◆ Activity ◆
Retype each line below precisely and omit all images.

◆ Given information ◆
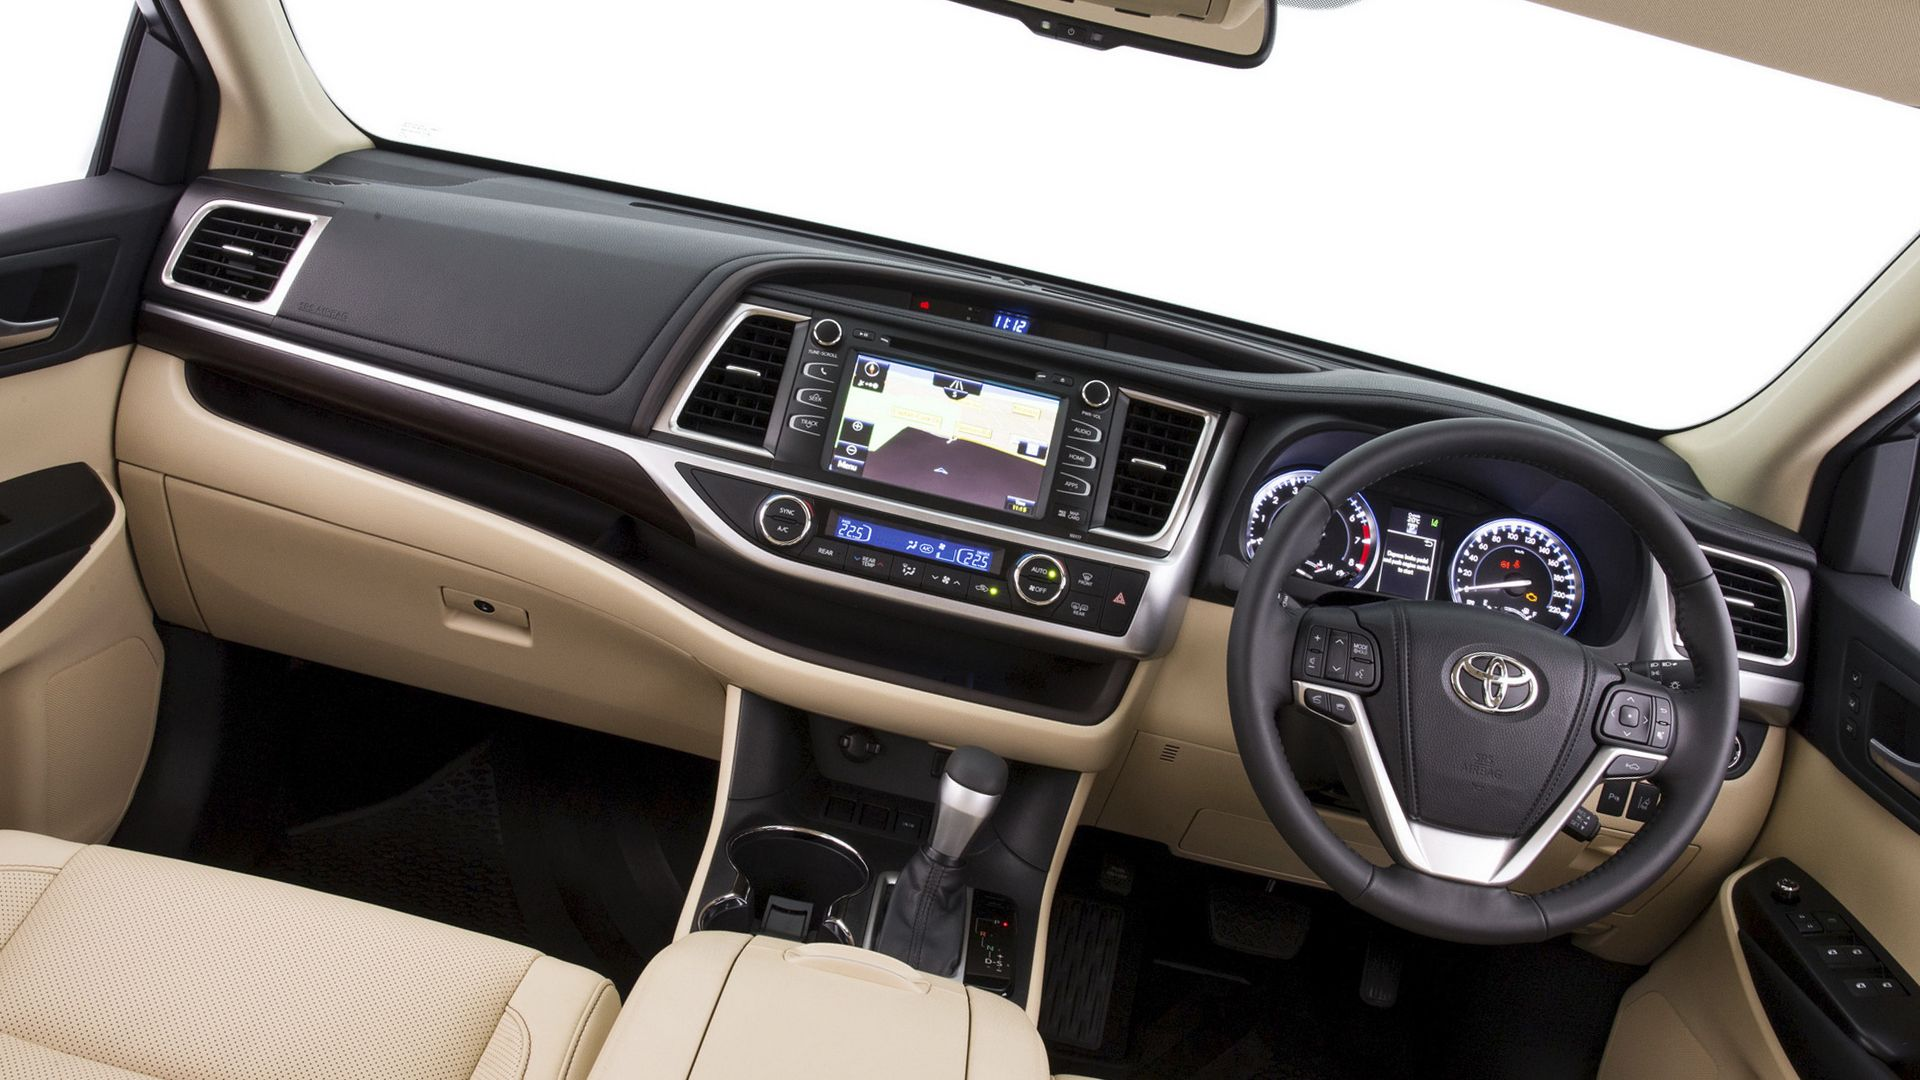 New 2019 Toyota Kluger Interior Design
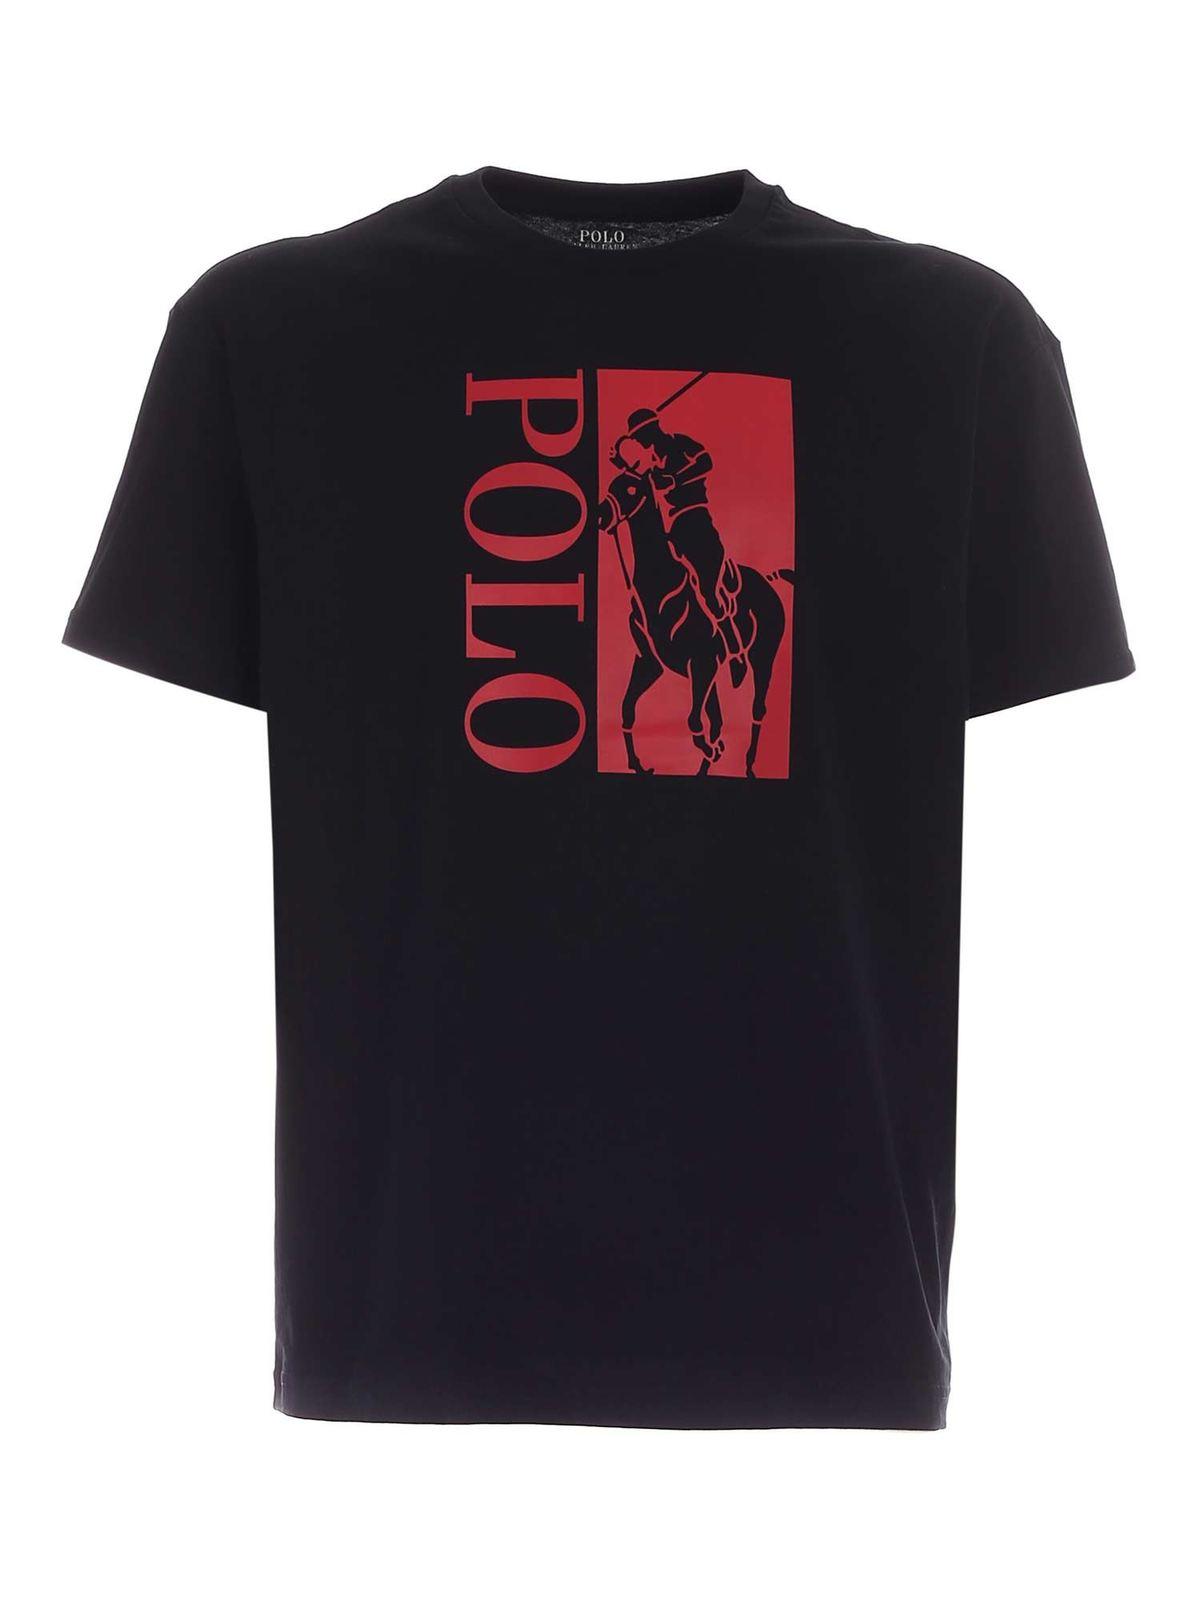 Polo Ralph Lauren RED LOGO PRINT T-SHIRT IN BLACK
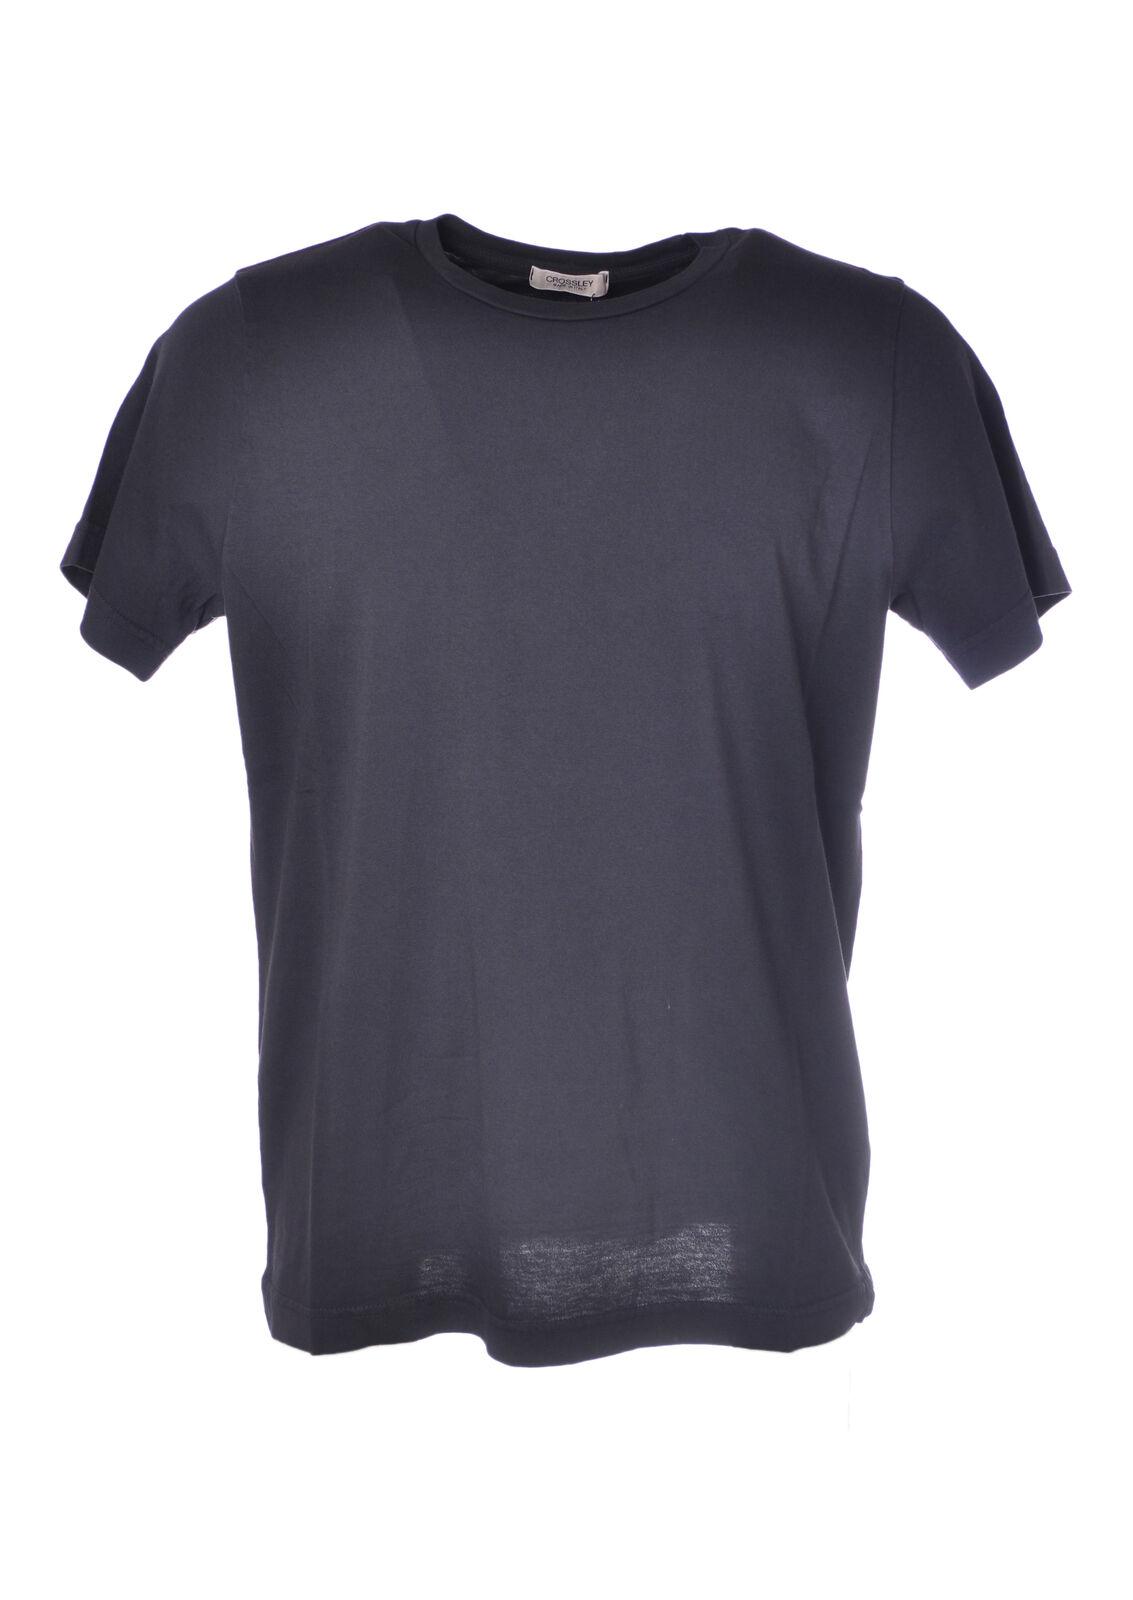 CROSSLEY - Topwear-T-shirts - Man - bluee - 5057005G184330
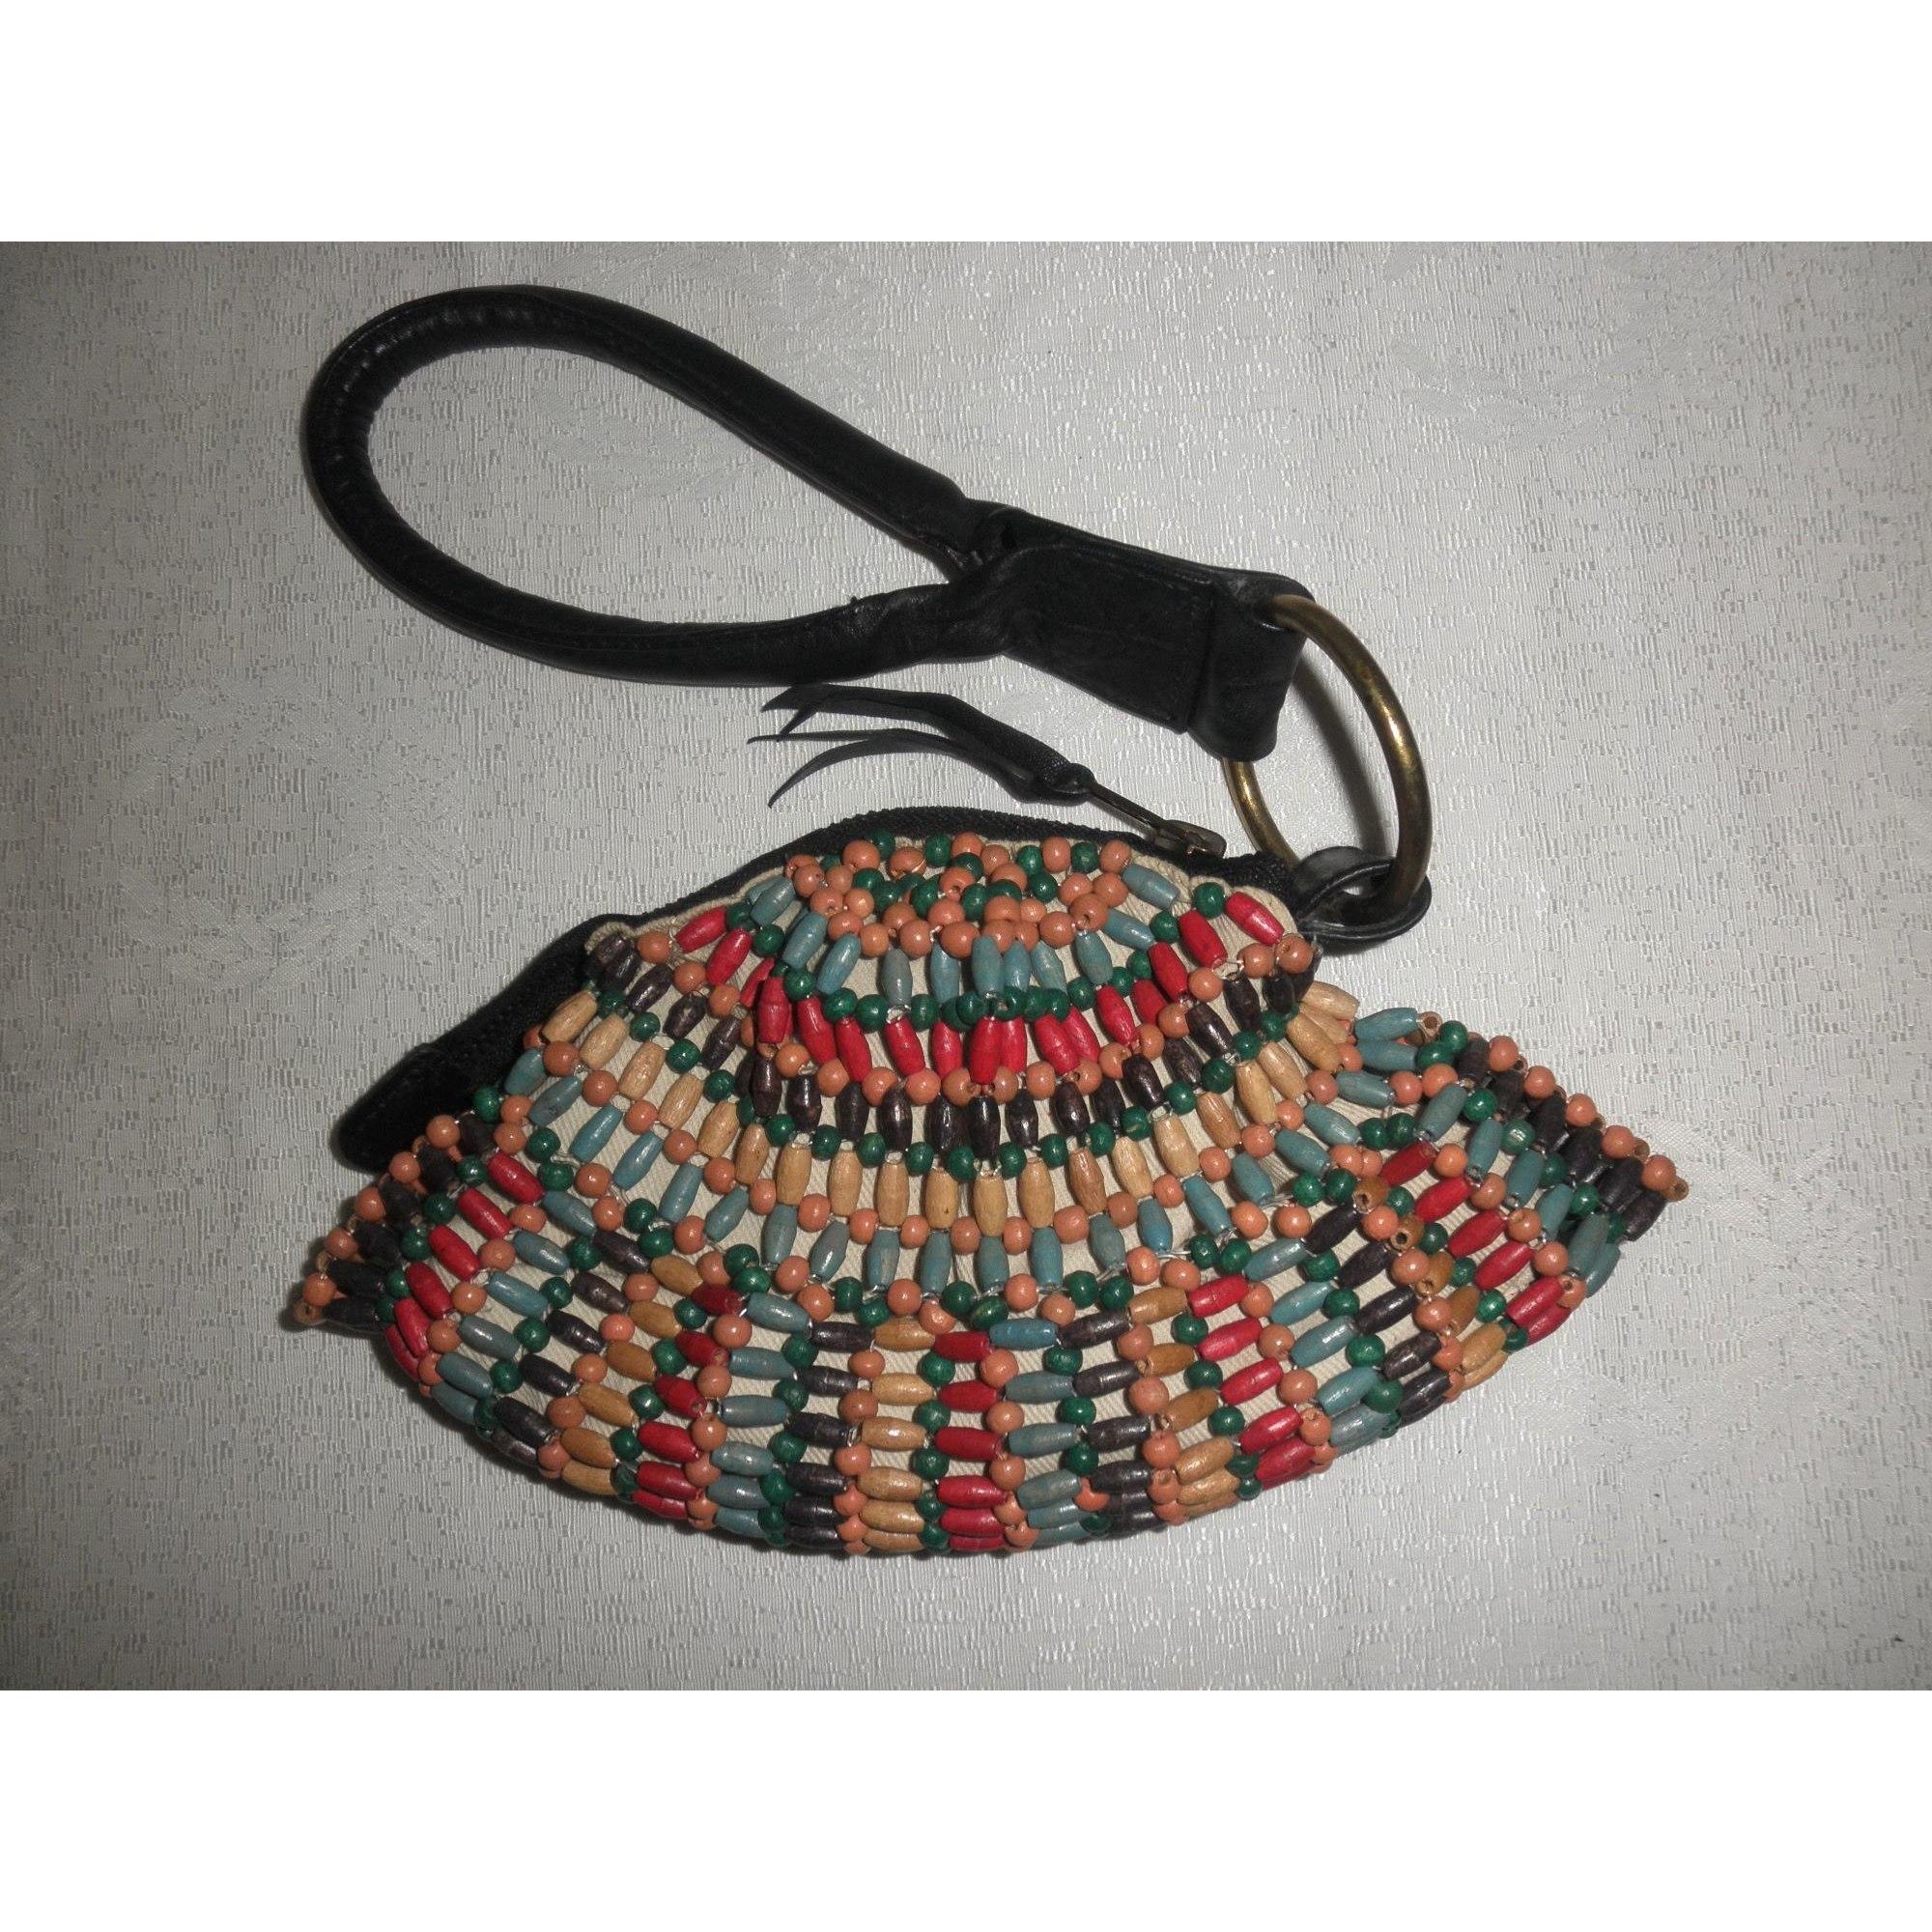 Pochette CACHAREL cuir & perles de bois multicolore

◆ Answer to this exercise ◆
 New 2019 Toyota Kluger Interior Design
 Polo Ralph Lauren RED LOGO PRINT T-SHIRT IN BLACK
 CROSSLEY - Topwear-T-shirts - Man - bluee - 5057005G184330
 Pochette CACHAREL cuir & perles de bois multicolore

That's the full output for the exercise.